TASK DESCRIPTION: Please, without any pictures, transcribe the lines from the one holding "Second House Landscaping" to the end of the listing, both ends included.

SOURCE MATERIAL:
········

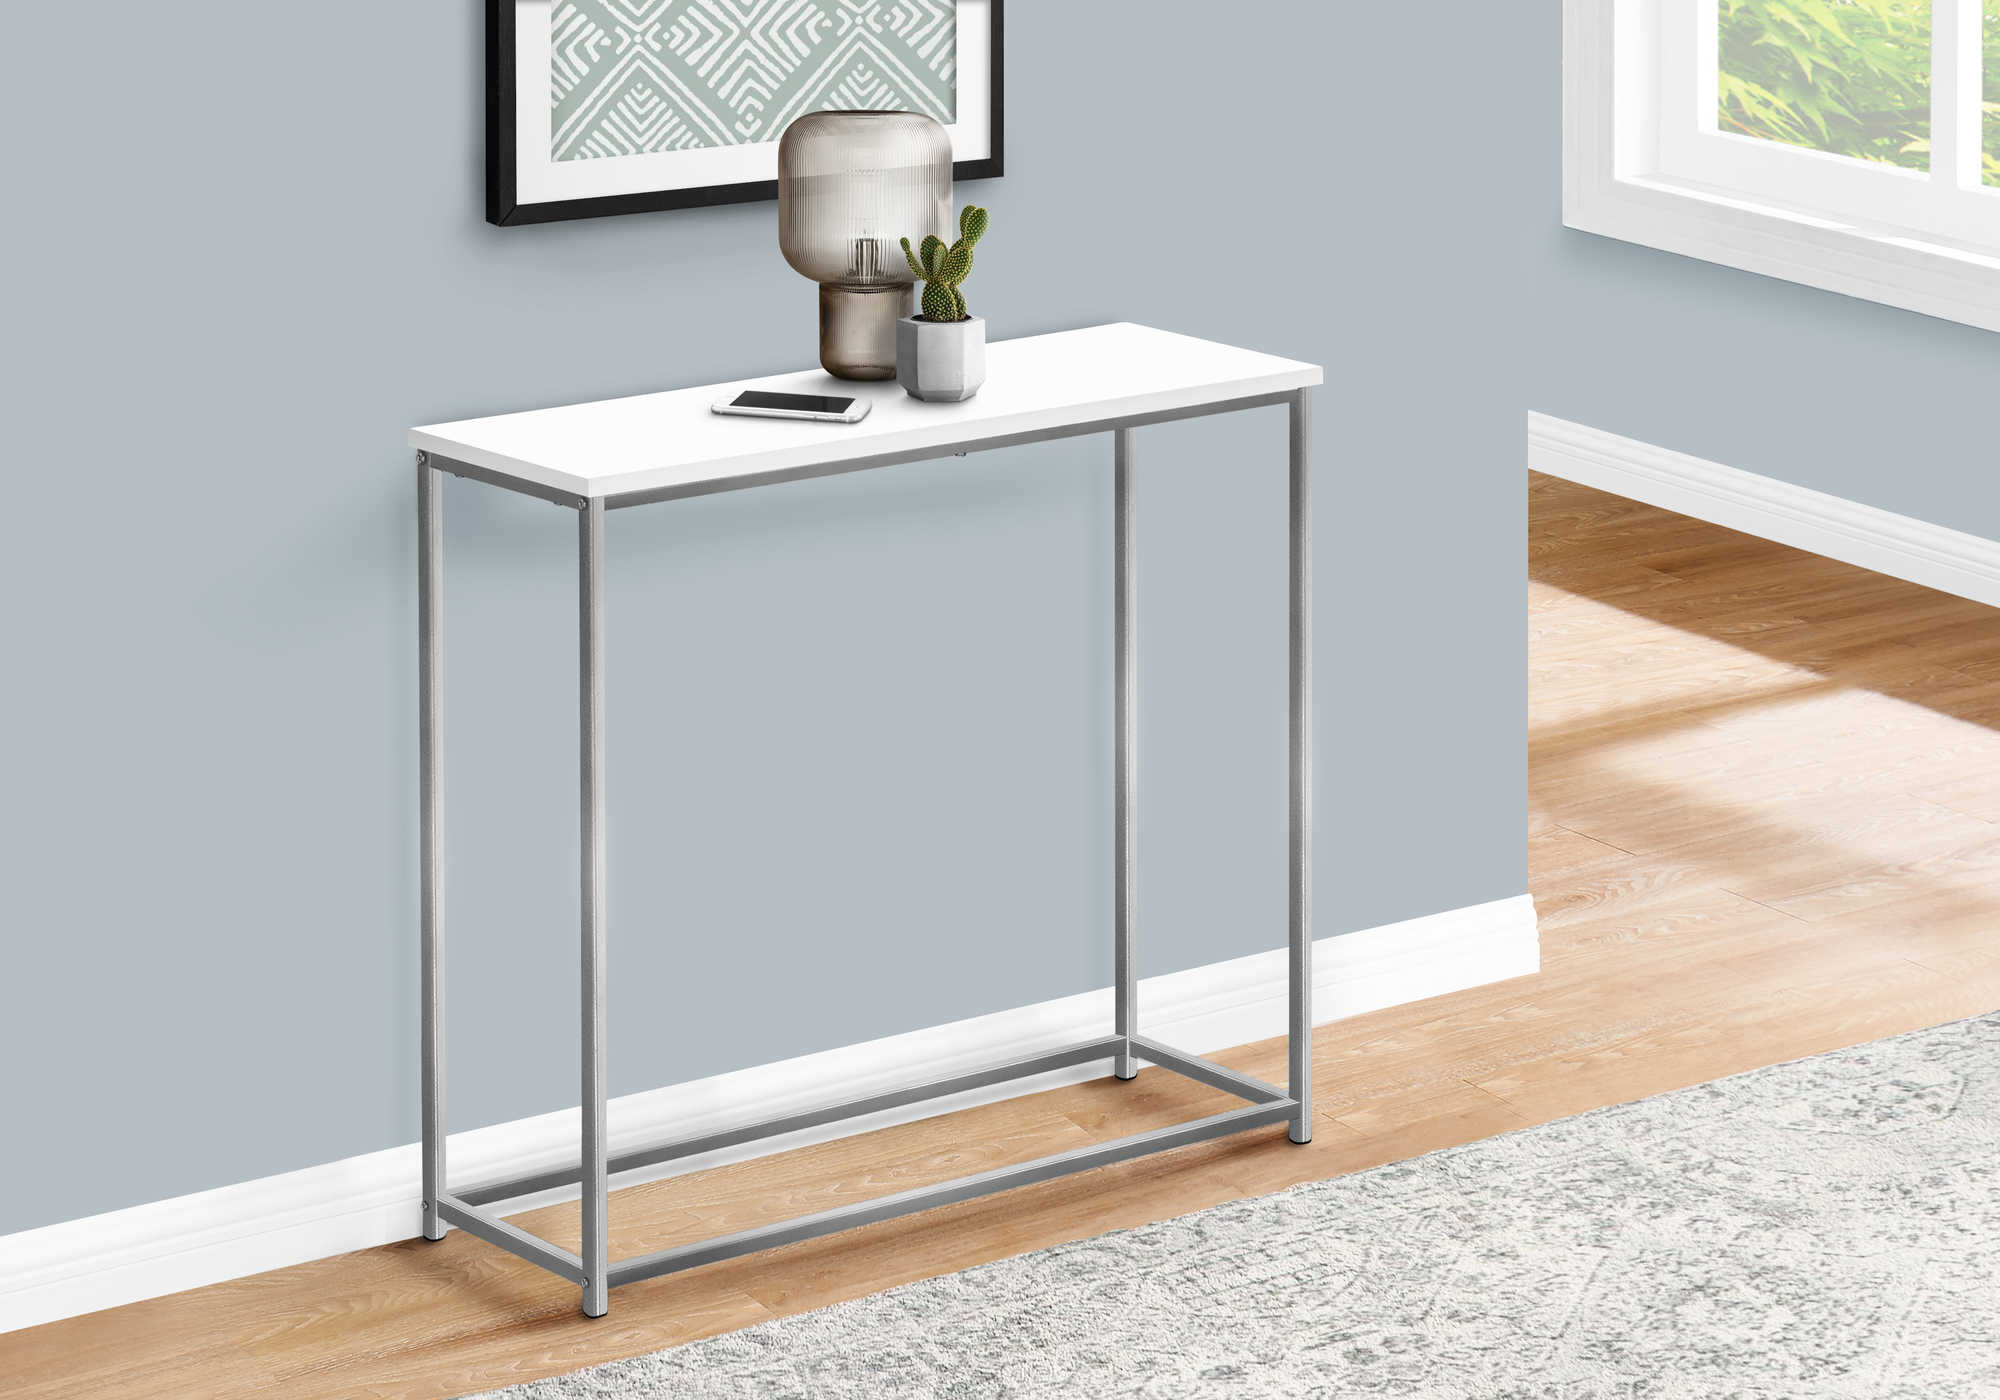 BEDROOM ACCENT CONSOLE TABLE - 32"L / WHITE / SILVER METAL CONSOLE
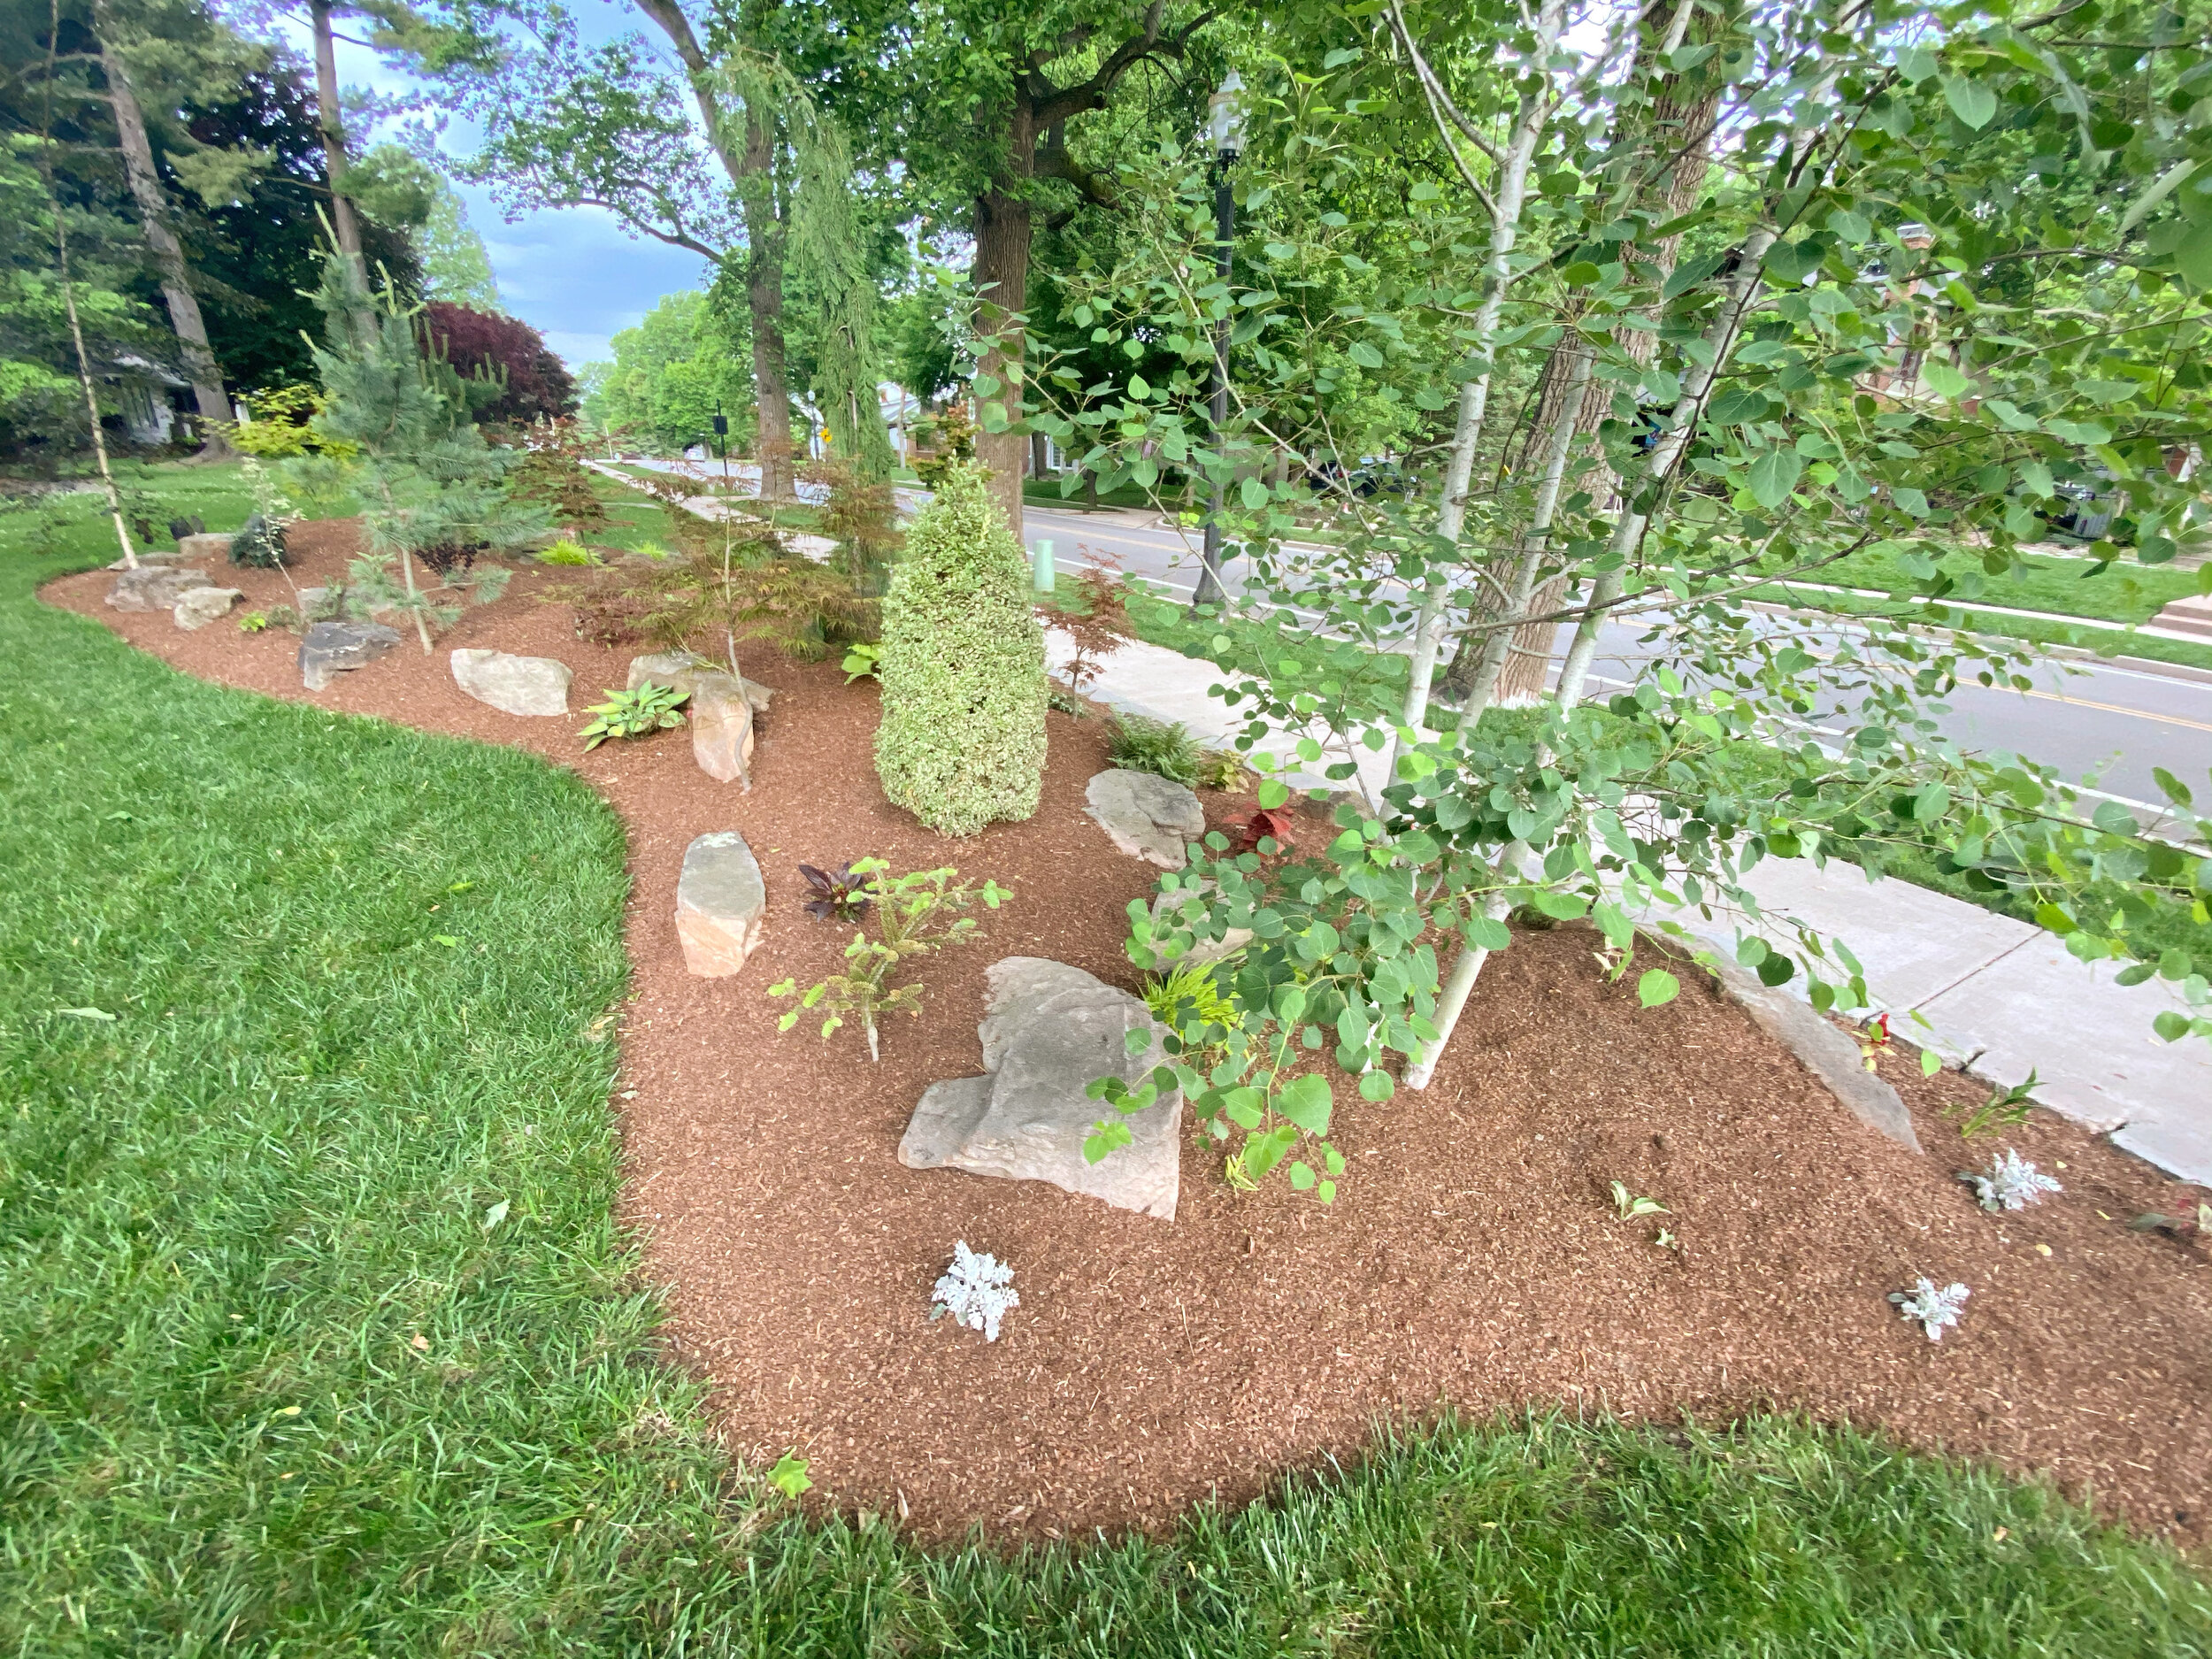 Second House Landscaping In, St Louis Landscaping Companies
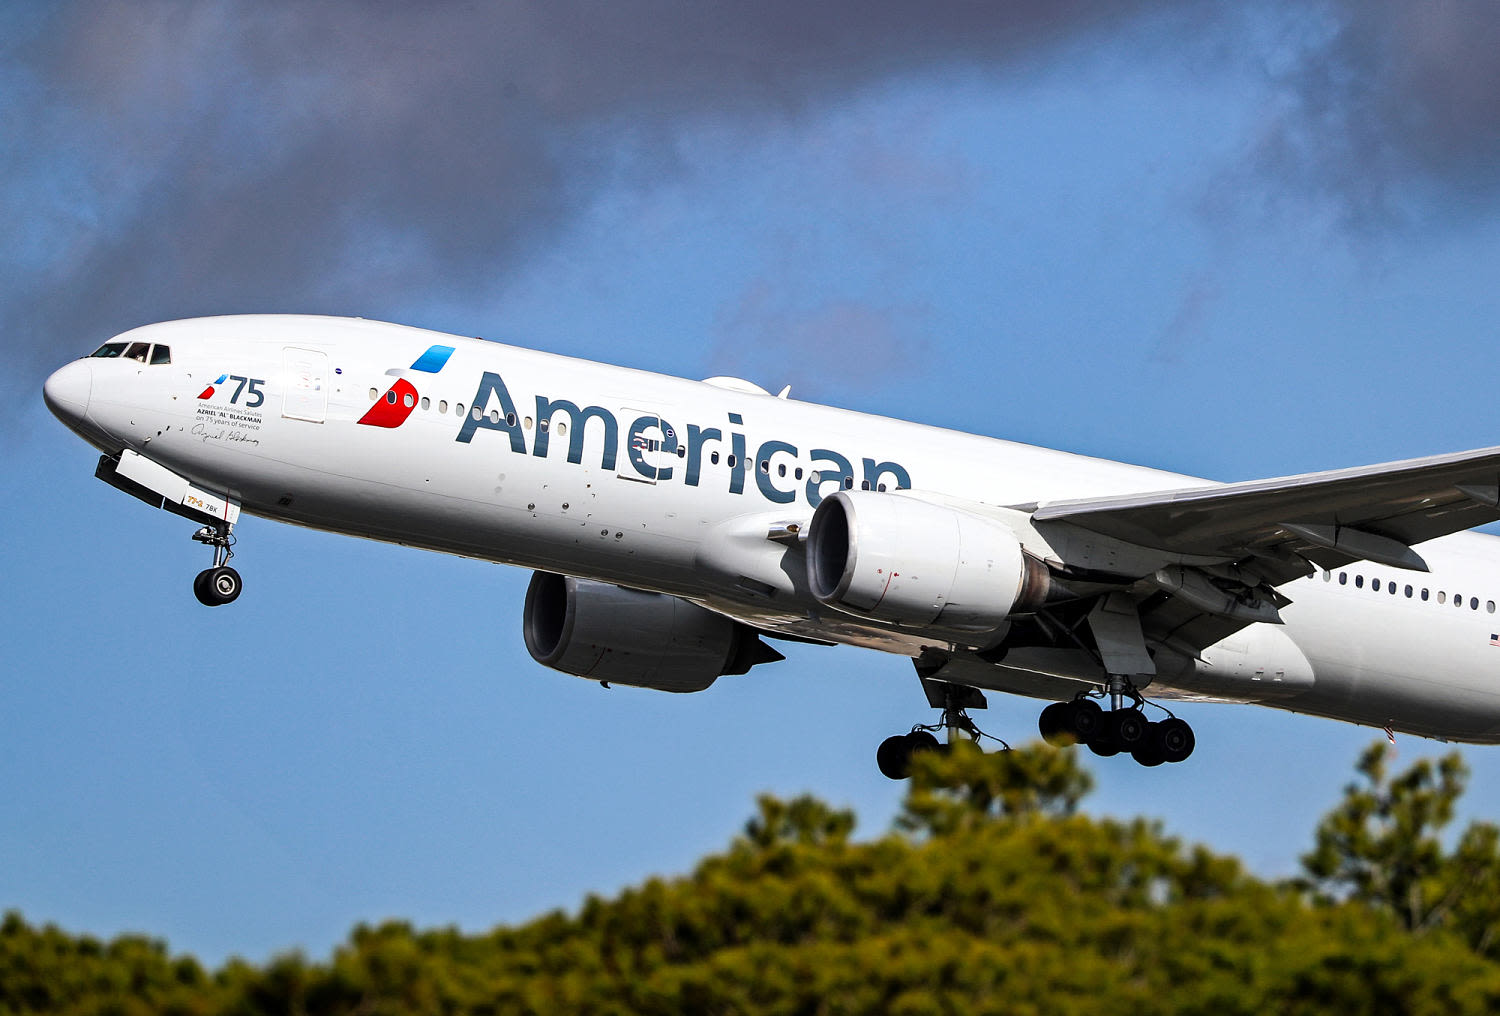 Three Black men sue American Airlines for racial discrimination after allegedly being pulled off plane over body odor complaint

········

EXERCISE RESPONSE:
 Second House Landscaping In, St Louis Landscaping Companies
 Three Black men sue American Airlines for racial discrimination after allegedly being pulled off plane over body odor complaint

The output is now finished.